花嫁修業やら、コーラス陛下との面談だったりメヒスト王子との雑談だったり。いろいろとやっているけれどスウェンのことが気がかりだった。
酷いことをした。否定して強要して、帰って、なんて。
自室にあるクッションの上に黒猫姿はない。すでにアトリシアに着いたであろうスウェンは元の人間の姿に戻してもらえただろうか。イデルに怒られてその姿のまま、なんてあったりしないか少し心配だ。

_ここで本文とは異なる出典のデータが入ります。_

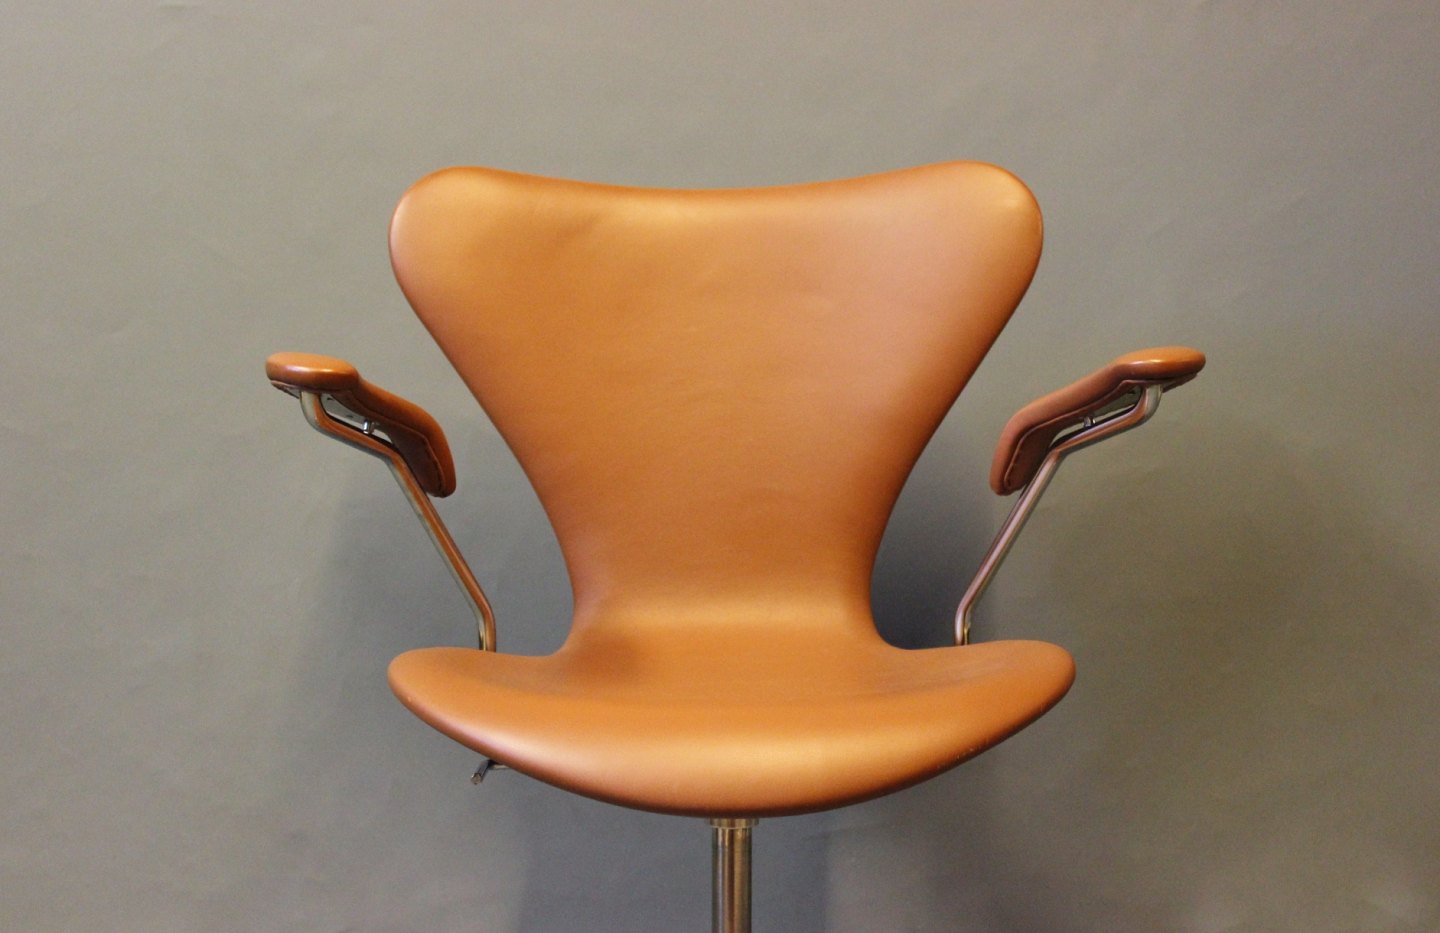 KAD ringen - 7'er kontorstol, model 3217, med armlæn og drejefunktion Arne Jacobsen og Fri - 7'er model 3217, med armlæn og drejefunktion af Arne Jacobsen og Fri

何勝手に戻ってきているの、というイデルの台詞がなぜか思い浮かぶ。自国に戻れたのに猫の姿のままなんて可哀想すぎである。
緑一面芝生の庭に来て心が落ち着くのを感じた。
コーラス陛下は畏れ多くも心を開けるような人ではないし、メヒストとは、メヒストが距離を縮めようとしてくれているおかげで近くなった気もするけどスウェンたちほどではなかった。
アトリシアにいた頃はいつの間にか全員と溜め口で話すようになって気軽な感じでいられた。けれどここは……。
使用人さんが自ら言葉を発してはいけない礼儀があるのか廊下は静かだしその他の場所も静かだし。アトリシアも確かに似たような感じだったけど雑談とか聞こえてたりしてた。
一番何が違うのかというと話し相手の人数。クレイモアで話せる相手といったらコーラス皇帝とメヒストとしかいない。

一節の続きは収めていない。